The Hurricanes were led by Larry Coker, who was in his first year as head coach after five years as Miami's offensive coordinator under Butch Davis and became the first head coach since 1989's Dennis Erickson from the University of Miami to win a national title in his first season. Coker had the benefit of inheriting a star-studded program that Davis had rebuilt in the aftermath of NCAA sanctions in the mid-to-late '90s.  Miami completed a perfect 12–0 season, which culminated in a 37–14 win over Nebraska in the Rose Bowl BCS National Championship Game.

In yet another controversial season for the BCS, (AP) No. 4 Nebraska was chosen as the national title opponent despite not having even played in the Big 12 championship game. The Huskers went into their last regularly scheduled game at Colorado undefeated, but left Boulder having lost the game by a score of 62–36. The Buffaloes went on to win the Big 12 championship game. The BCS computers, among other things, didn't weigh later games any more heavily than earlier games, and one-loss Nebraska came out ahead of two-loss No. 3 Colorado and one-loss, No. 2 Oregon.  Some fans chanted "number 4" at the title game held at the Rose Bowl.
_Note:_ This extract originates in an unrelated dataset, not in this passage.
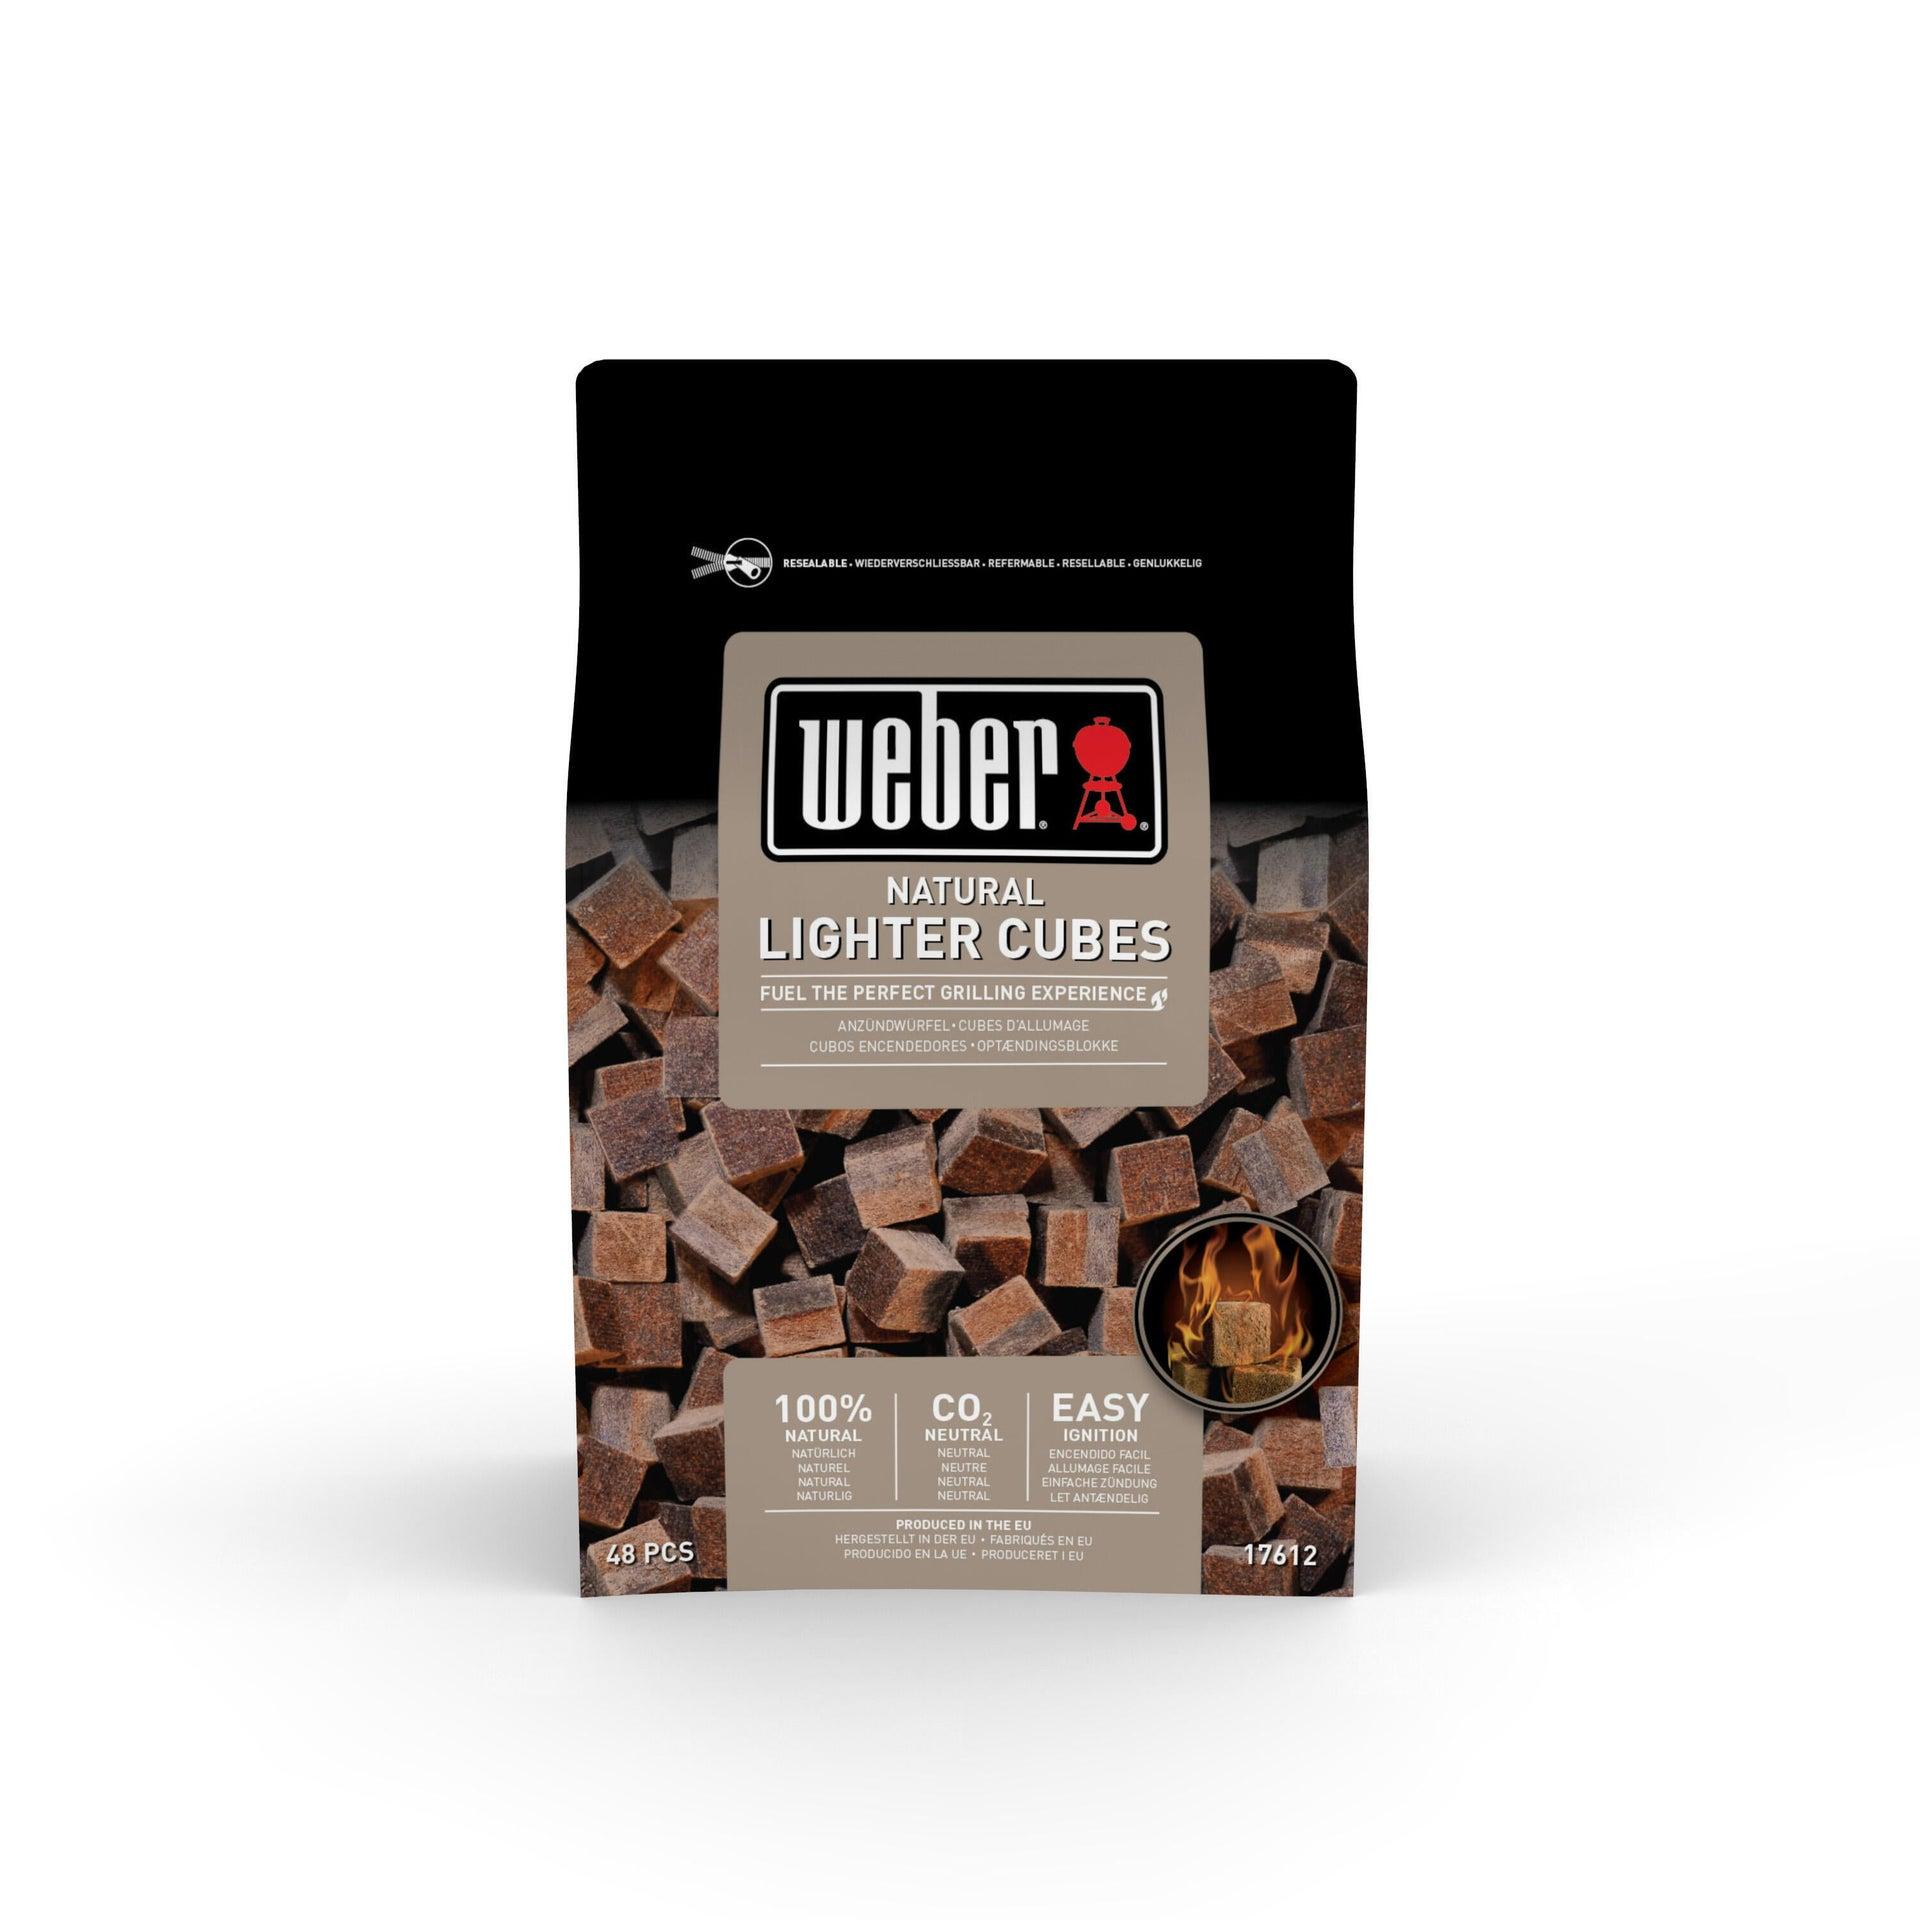 Cubetti di accensione WEBER 48 pezzi - 2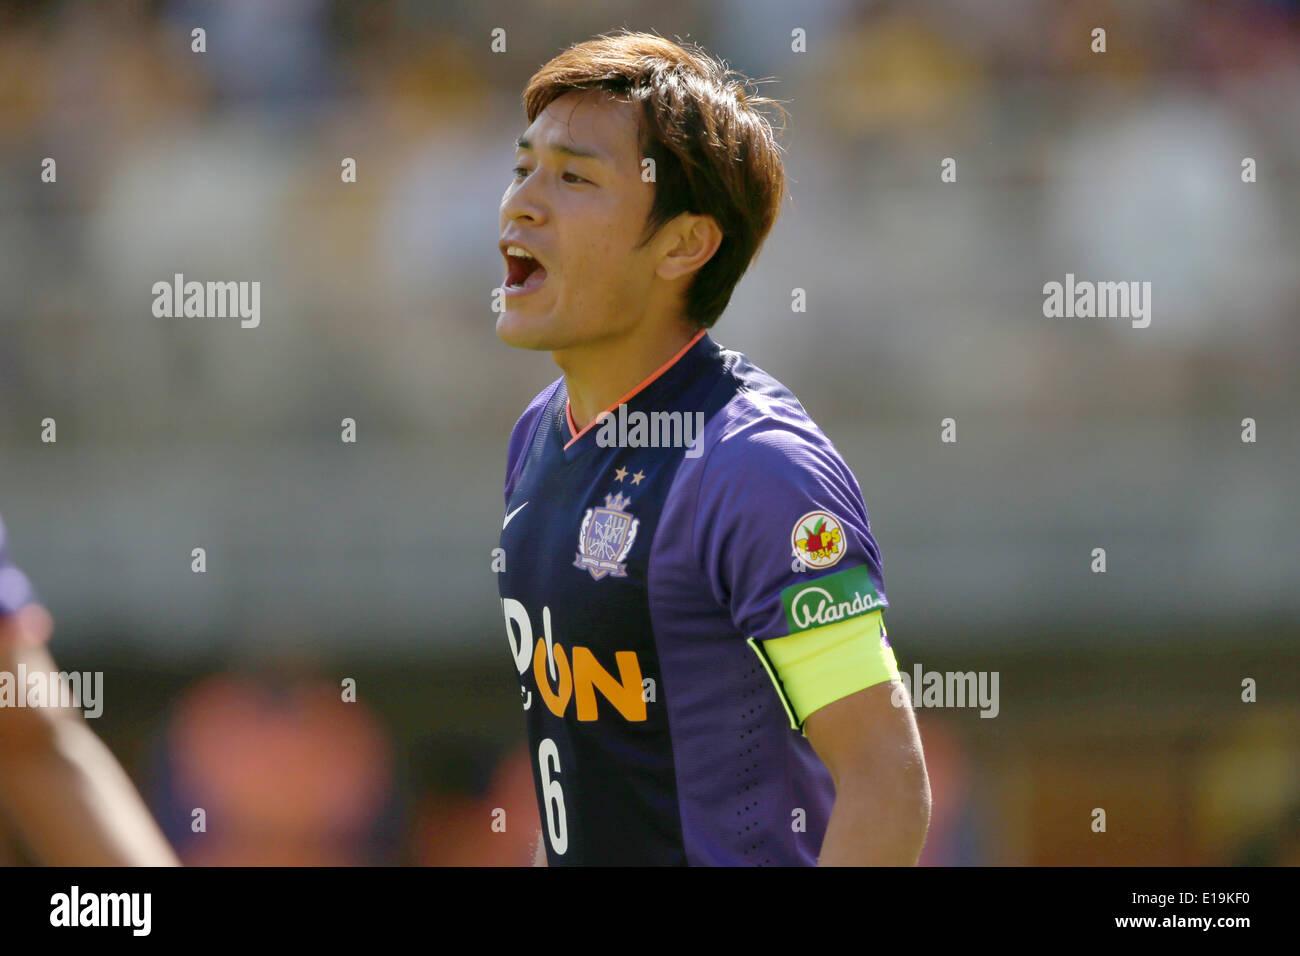 Toshihiro Aoyama (Sanfrecce), MAY18, 2014 - Football/Soccer : 2014 J.League Division 1, between Vegalta Sendai 1-0 Sanfrecce Hiroshima at Yurtec Stadium Sendai, Miyagi, Japan. © Jun Tsukida/AFLO SPORT/Alamy Live News - Stock Image

Florida State did not win the ACC championship for the first time since joining the conference in 1991, losing out to Maryland. Steve Spurrier left the Florida Gators at the end of the season to coach the Washington Redskins, accepting what was then the largest salary for an NFL head coach.

The season had one of the more competitive Heisman Trophy races with Eric Crouch of Nebraska winning by only a small margin over Rex Grossman of Florida. All of the five finalists played the quarterback position. Two of the finalists were coached at some point by Oregon offensive coordinator Jeff Tedford. Indiana quarterback Antwaan Randle El earned first-team All-America honors from the FWAA after becoming the first NCAA Division I-A quarterback to throw for 40 touchdowns and rush for 40 touchdowns in a career. He also became the first player in NCAA I-A history to record 2,500 total yards from scrimmage in four consecutive seasons.

Joe Paterno needed just 2 victories to pass legendary Alabama Coach Paul "Bear" Bryant as the winningest coach in Division I-A college football, However, after the Nittany Lions started the season 0–4 it looked like Bear Bryant's record would remain intact for at least 1 more year. After a 20–0 drubbing Penn State took against Michigan at home on Oct 6, the Nittany Lions were a dismal 1–6 since Paterno notched his 321st coaching win on October 28, 2000.

At Northwestern on October 20, the Lions lost a late 31–28 lead to fall behind 35–31 with two minutes to go. With their starting quarterback, Matt Senneca, out with an injury, Penn State put its collective hopes on the shoulders of redshirt freshman quarterback Zack Mills. Mills drove the Lions 69 yards in 1:41, leading Penn State to its first victory of the year by a 38–35 margin.  The victory gave Paterno 323 career wins, tying Bear Bryant's record.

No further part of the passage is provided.